Open akosiaris opened 3 years ago
@akosiaris sorry for the delay on this! I think your request is 100% reasonable.
Like I said on the PR, we're moving away from env var config for driving this stuff. It's not really BGP configuration, but the BGPConfiguration or BGPPeer API seems like the closest fit for this sort of config. Alternatively maybe this goes on the Node API?
Also CC @neiljerram who I believe has looked at this before.
I'm happy to work with you to get that API change sorted out. It's a bit more work than the env var PR that you originally submitted. Once we agree the right spec, it would be a change to the API structs, and then confd to plumb the toggle through into the BIRD configuration.
Thanks @akosiaris and @caseydavenport for CCing me.
FWIW, in Calico Enterprise we unconditionally added this at the top level:
protocol bfd {
}
and then a BGPPeer
field to control adding bfd on;
into the config for each peering:
// Specifies whether and how to detect loss of connectivity on the peerings generated by
// this BGPPeer resource. Default value "None" means nothing beyond BGP's own (slow) hold
// timer. "BFDIfDirectlyConnected" means to use BFD when the peer is directly connected.

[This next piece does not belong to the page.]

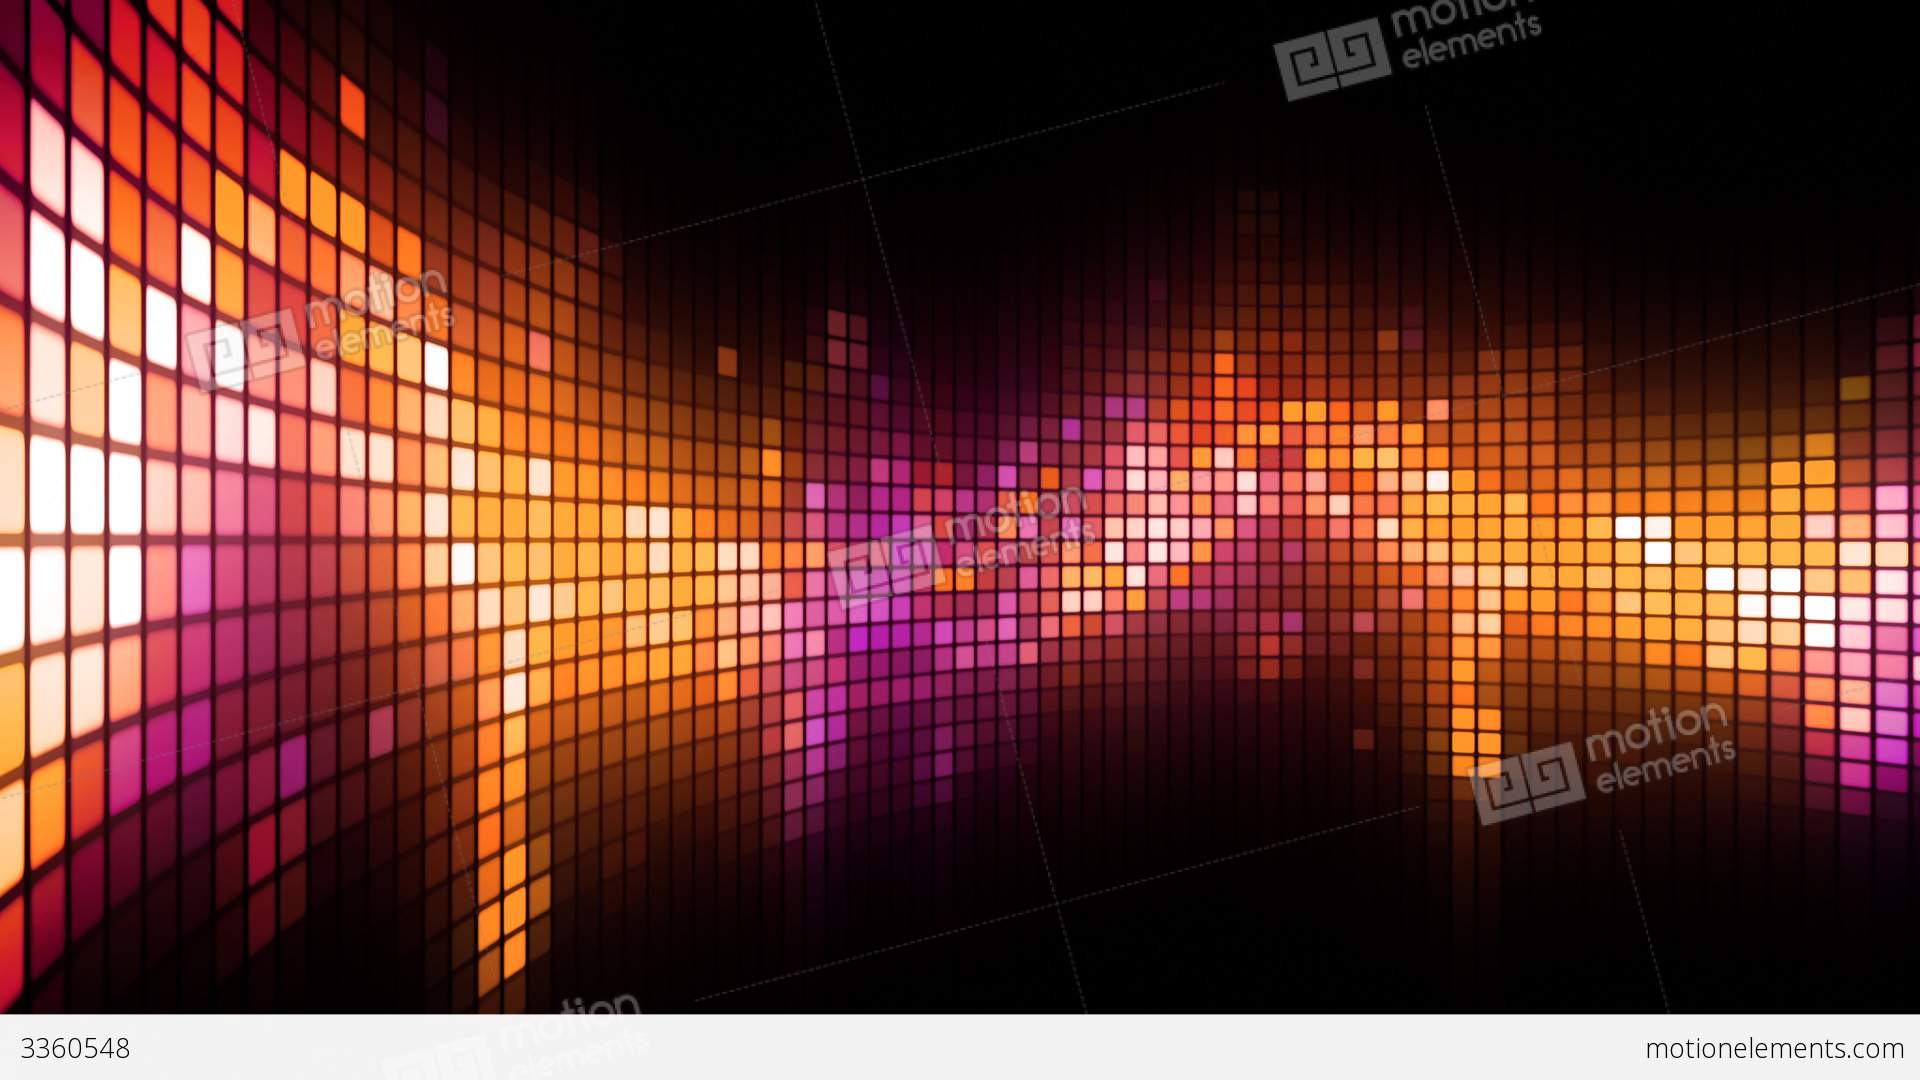 Magenta led dance lights wall animacin 3360548 magenta led dance lights wall videos de stock aloadofball Image collections

FailureDetectionMode FailureDetectionMode
But that misses two things that this PR proposes:
It would be nice if any support added by this PR is a compatible extension of what we already have in Enterprise.
is a compatible extension
To be clear, I mean in terms of the data model. (I'm sure we will be able to do any fix-ups that are needed to the related coding.)
@caseydavenport Any plans to have this in the open source version as well?
Hi!
At the Wikimedia Foundation, the non profit that operates Wikimedia, we 've been happy users of calico circa 2017. It's powering our kubernetes clusters quite nicely, so nicely that we never had up to now ask of anything. Well, here's a first request (which we are aiming to contribute code for)
Our setup isn't particularly complex, in fact the network part of it is described in detail at https://wikitech.wikimedia.org/wiki/Network_design (yes, we are transparent about how everything is setup) but the TL;DR is that we have 2 Core routers and we BGP peer our kubernetes nodes directly with them and only with them. So we don't do ToR BGP peering as our access switches - asw for short - don't have L3 functionality, nor do we do full or even partial mesh with the other nodes (kinda suboptimal, we know, it's a project for the future)
We 've recently started experimenting with announcing kubernetes service IPs and it works pretty nicely (including ECMP), so many thanks for that. We did however meet the following issue with simulating some failure modes.
When simulating the sudden total failure of a node (due e.g. to PSU issues, total motherboard failure etc) we noticed that it will take up to 4 minutes for BGP to converge and for the Core routers to pull the failed route from their FIB, effectively blackholing (part of - depending on whether ECMP is configured or not) traffic for the advertised addresses. This is kind of expected (to our understanding) as both sides have graceful restart configured (which is of course very much wanted) and the core routers use the GR timer for deciding when to retract the route from the FIB.
After discussing this internally we reached the conclusion that BFD would be the better solution to our problem (we already have other servers BGP peering using bird and having BFD configured mind you). I am spelling out our plan below in the rubric. We see that since projectcalico/bird#68 BFD should be supported.
Expected Behavior
When a kubernetes node using calico and BGP peering with an upstream router suddenly fails totally, BGP promptly converges and traffic is blackholed for a minimal amount of time.
Current Behavior
When a kubernetes node using calico and BGP peering with an upstream router suddenly fails totally, BGP traffic is blackholed for up to 4 minutes in our case, although this is dependent on the BGP configuration.
Possible Solution
Add something like the following (untested) in bird.cfg.template and bird6.cfg.template
and similarly if guard a
bfd yes;
statement in the bgp_templateI 'd be more than happy to submit a PR to the confd repo if this is a good way to go about this, but also happy to discuss alternatives.
Steps to Reproduce (for bugs)
Context
This issue gave us pause on adopting the kubernetes service IPs and external IPs functionality that calico is offering. We would like to use it to automate more our kubernetes service creation process which has some manual steps today.
Your Environment
3.17.1
kubernetes,
version1.16